Runtime Guardrails for AI That Browses the Web

The Problem: Static Allowlists Cannot Handle Dynamic Browsing

AI agents do not follow predictable paths. They follow links, get redirected, encounter new domains mid-session, and discover URLs that no pre-flight check could have anticipated.

Pre-Flight Checks Fail at Runtime

Most agent governance frameworks implement pre-flight validation: before the agent starts its task, a list of approved domains is compiled and loaded. The agent is told "you may visit these 50 domains." This approach fails catastrophically in practice because web browsing is inherently dynamic. A Google search for "enterprise software pricing" returns links the pre-flight list never anticipated. A redirect chain from an approved domain lands the agent on an unapproved one. An embedded iframe loads content from a third-party ad network. Every one of these runtime events bypasses the pre-flight allowlist entirely.

Redirect chains: An approved URL redirects through 2-3 intermediate domains before reaching the final destination — none of the intermediate domains were on the allowlist
Dynamic link discovery: Agents following search results or scraping link directories encounter URLs that did not exist at pre-flight time
Session drift: Multi-step browsing tasks accumulate navigation events over minutes or hours — the further into the session, the further from the original allowlist
Embedded content: Iframes, JavaScript-loaded resources, and API calls from visited pages pull content from domains the agent never explicitly navigated to

The Solution: In-Line Guardrails That Execute at Navigation Time

Runtime guardrails intercept every navigation event — not just the initial task URL, but every subsequent click, redirect, iframe load, and API call — and evaluate it against your policy rules in real-time. The evaluation uses a pre-classified domain database with 102 million entries, delivering sub-millisecond lookup times with zero external API dependencies. The classification is deterministic (no model inference, no hallucination risk) and the policy decision (allow, block, log, or escalate) executes before the HTTP request fires.

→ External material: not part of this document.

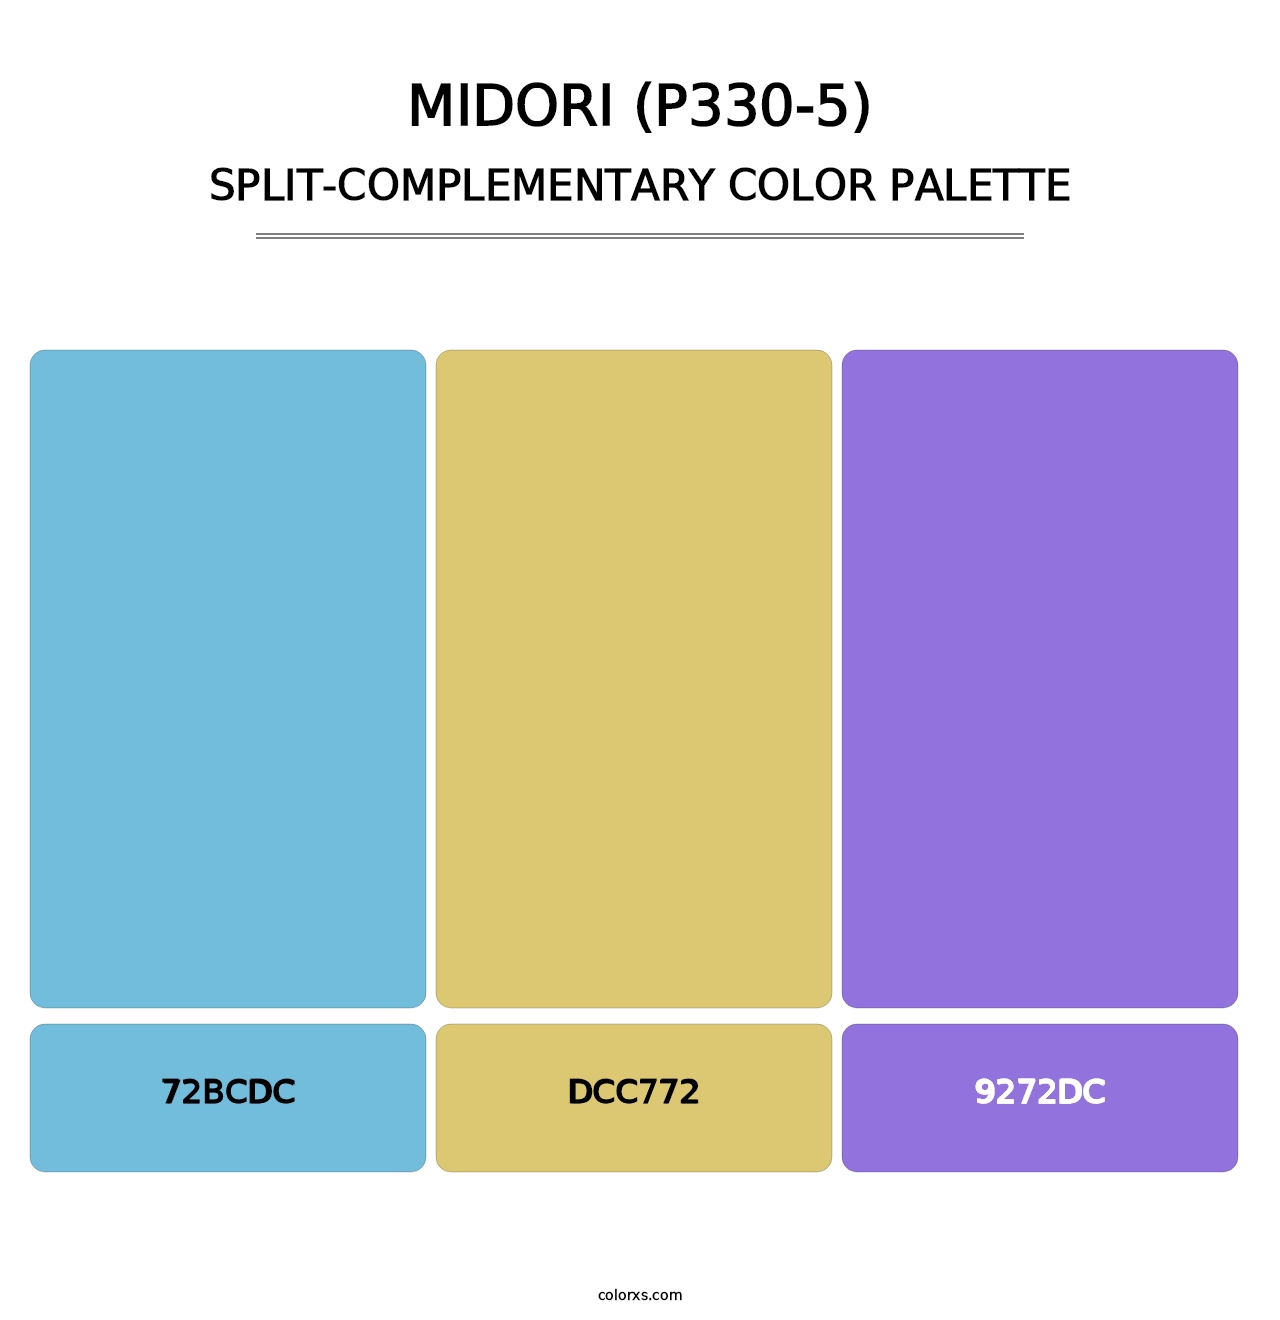 Midori (P330-5) - Split-Complementary Color Palette

This architecture treats your agent's browser session like a network firewall treats packet flows: every request is inspected, classified, and either permitted or dropped based on policy rules. The difference is that instead of IP addresses and ports, the guardrail operates on URLs, IAB categories, page types, and reputation scores — giving your security team the same visibility and control over agent web traffic that they already have over employee web traffic.

How Runtime Guardrails Work

Four stages of in-line policy enforcement during an active agent browsing session

Navigation Intent Capture

The guardrail hooks into the agent's browser automation layer (Playwright, Puppeteer, Selenium, or direct CDP) and intercepts every navigation event before it executes. This includes explicit navigations (agent clicks a link), implicit navigations (JavaScript redirects), and passive loads (iframes, fetch calls). The interception point is synchronous — the browser blocks until the guardrail returns a verdict.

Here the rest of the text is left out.